Some films are so loose and undefined by design that they assume the force of virtue. Such films may frustrate a viewer looking for a conventional plot structure, but with the help of patience and a willingness to absorb and understand, they reveal themselves as having monumental scope. An enthusiastic viewer is left abundant space to linger, wander, and collect their thoughts without the film ever hurrying up things.
These films have patience and attentiveness to their settings in heaps. While the latitude of such interpretive space will engender mixed feelings among disparate viewers, the film distinguishes itself by a positive stubbornness of character. It refuses to make its statements easily and instantly palatable. This is not to say the film is distancing, and its wilful abstruseness is alienating instead of being effective. But the sense of adventure and scale, an ambition tightly incorporated into itself, form attractive proposals. All these are on grand yet humbling display in Paulo Carneiro’s third feature, “Savanna and the Mountain.”
The film isn’t hesitant in being uncontained and uncategorizable. It leaps across form and style with a freedom and vastness that isn’t reducible. It has the archetypal clash that forms its bedrock. Moreover, the film zeroes in on the Portuguese village of Covas de Barrosa as it battles a creeping disquiet in the shape of a mining operation. The mountains have been laid prey to a massive lithium mining initiative mounted by the London-based Savanna Resources.
The concerted government-backed mining endeavor doesn’t have the villagers’ go-ahead. They aren’t even aware of such a thing being put in place before it starts in effect. The process of detection is slow and gradual. Suddenly, one day, the locals find their horses skittish and full of nervous energy. The film opens with this, almost engineering a thriller-like mode that enables a connection based on curiosity.

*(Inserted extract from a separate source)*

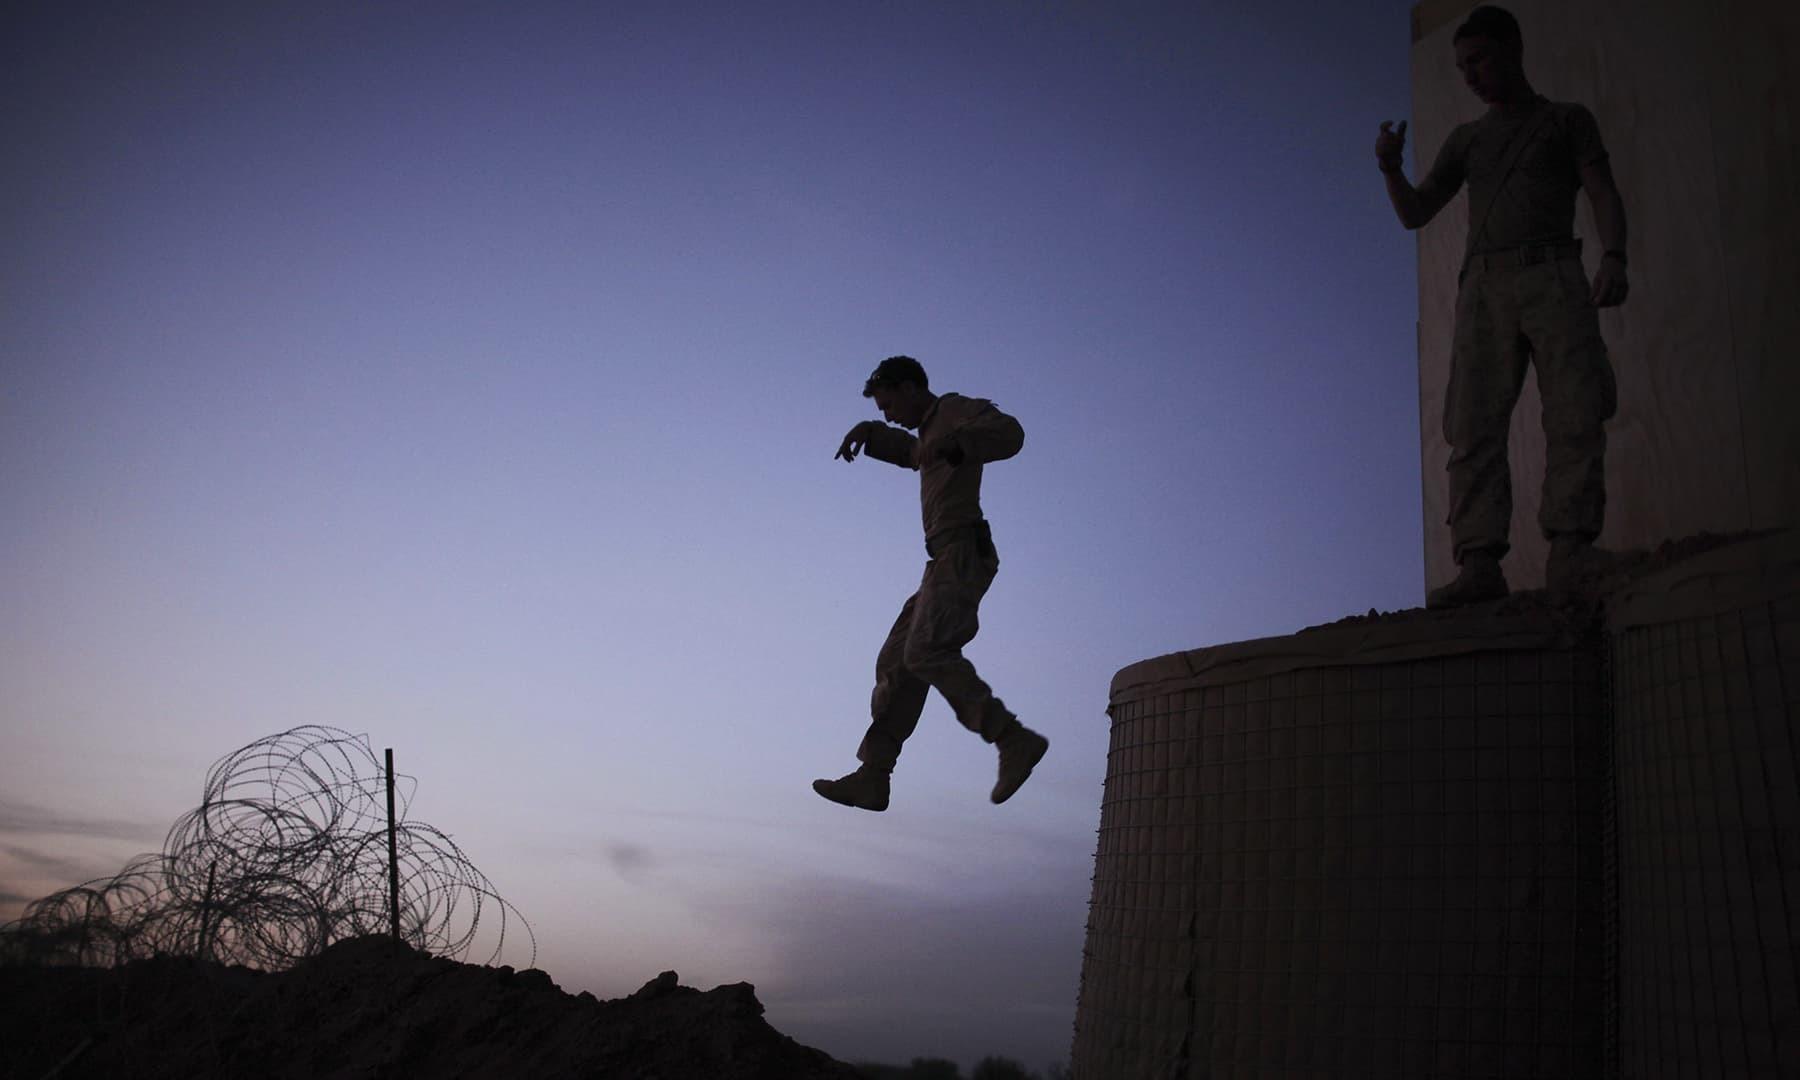 16 مارچ 2010 کو ہلمند میں فوجی تربیتی مشن میں مصروف ہیں—فائل/فوٹو: اے ایف پی

Soon, suspicion in the village escalates. The film is strongly geared toward the small, tightly-knit community in the village. There’s a communal sense that’s heavily underlined with the villagers huddling to think through their praxis, ideating a proper course of action and possible means of registering their stiff dissent. The villagers haven’t even been consulted. It’s just imposed on them. The authorities assure them that lithium mining will not have any consequences as such, urging them not to worry since anyway the village has witnessed several other kinds of mining activities in the past. They are also promised a surge in job opportunities that will be opened up by dint of the initiative.
However, the villagers are canny and wary of the project. They are skeptical of every promise and confident in their intuitive knowledge that the mining, which purports to be of service locally, will largely and inevitably be destined for the betterment and benefits of their well-heeled European neighbors. The film accentuates the villagers’ sharp awareness of their own brutal reality and that the project will ultimately not deign to have anything to do with their community apart from delivering empty promises and depleting local resources in exchange for international leverage.
Spanning several seasons, “Savanna and the Mountain” also foregrounds the deeply religious bent of the community. This is woven into the spirit of protest and fierce resistance that animates the film. The region’s history of fightback against colonizers is also strikingly invoked, brilliantly intertwined with stylistic tendencies that straight-up veer to Westerns. The film’s articulation is immediate and clear. The villagers will not pander one bit or kowtow to what they know is harmful to them. The defiance that streaks “Savanna and the Mountain” endows it with a charge of being timelessly important, pressing, and explosive appeal that will resonate with assailed communities all over the world.